*Task statement*
Among the lines below, keep only those from the one containing "Jason Lee, Ceren" through the one containing "1Set DIY Wood", and reproduce them exactly.

** Extracted entries follows **

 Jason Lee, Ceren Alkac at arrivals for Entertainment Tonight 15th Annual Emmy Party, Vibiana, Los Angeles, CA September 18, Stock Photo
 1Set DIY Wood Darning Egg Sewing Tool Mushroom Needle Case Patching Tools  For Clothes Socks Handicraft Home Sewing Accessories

** End of Extracted entries **
** Extracted entries follows **

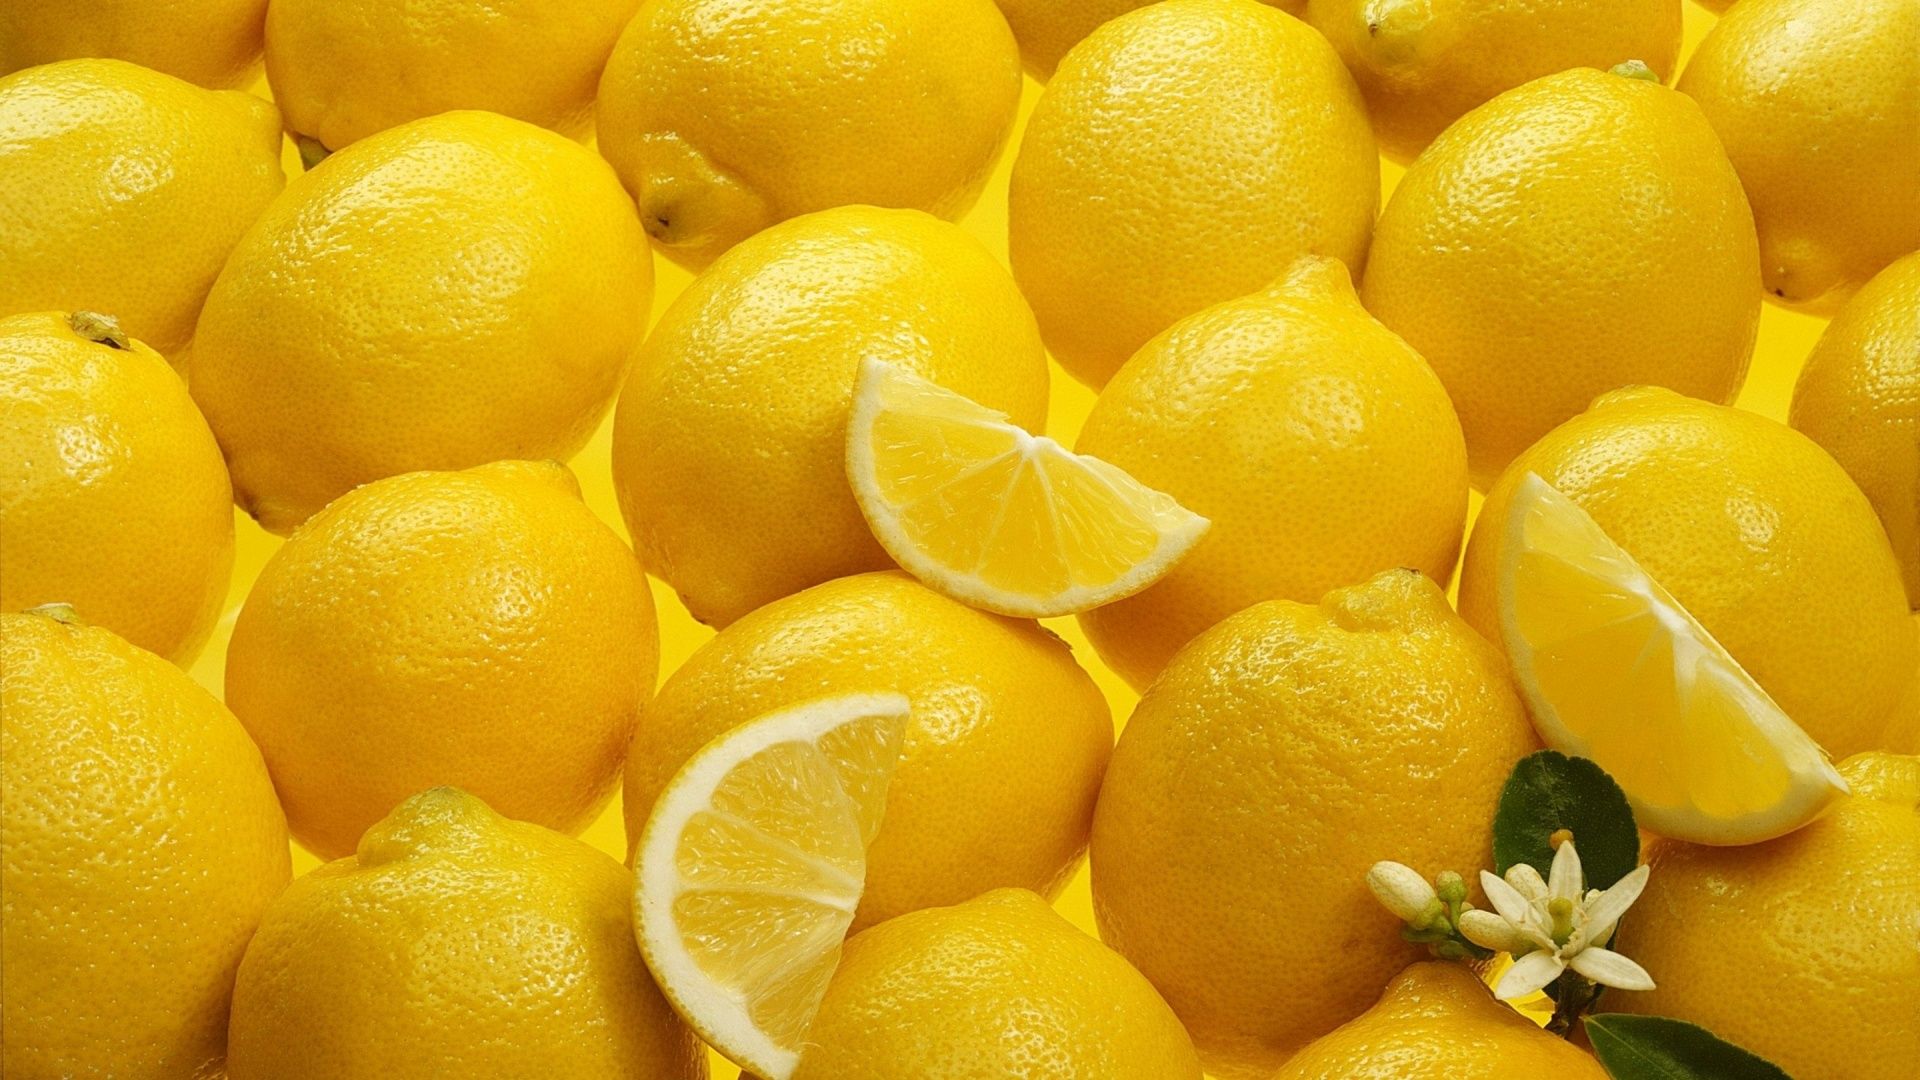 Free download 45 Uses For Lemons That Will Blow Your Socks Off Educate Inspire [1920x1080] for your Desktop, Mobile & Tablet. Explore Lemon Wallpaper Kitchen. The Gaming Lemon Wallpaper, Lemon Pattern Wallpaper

** End of Extracted entries **

*Written response*
 Jason Lee, Ceren Alkac at arrivals for Entertainment Tonight 15th Annual Emmy Party, Vibiana, Los Angeles, CA September 18, Stock Photo
 1Set DIY Wood Darning Egg Sewing Tool Mushroom Needle Case Patching Tools  For Clothes Socks Handicraft Home Sewing Accessories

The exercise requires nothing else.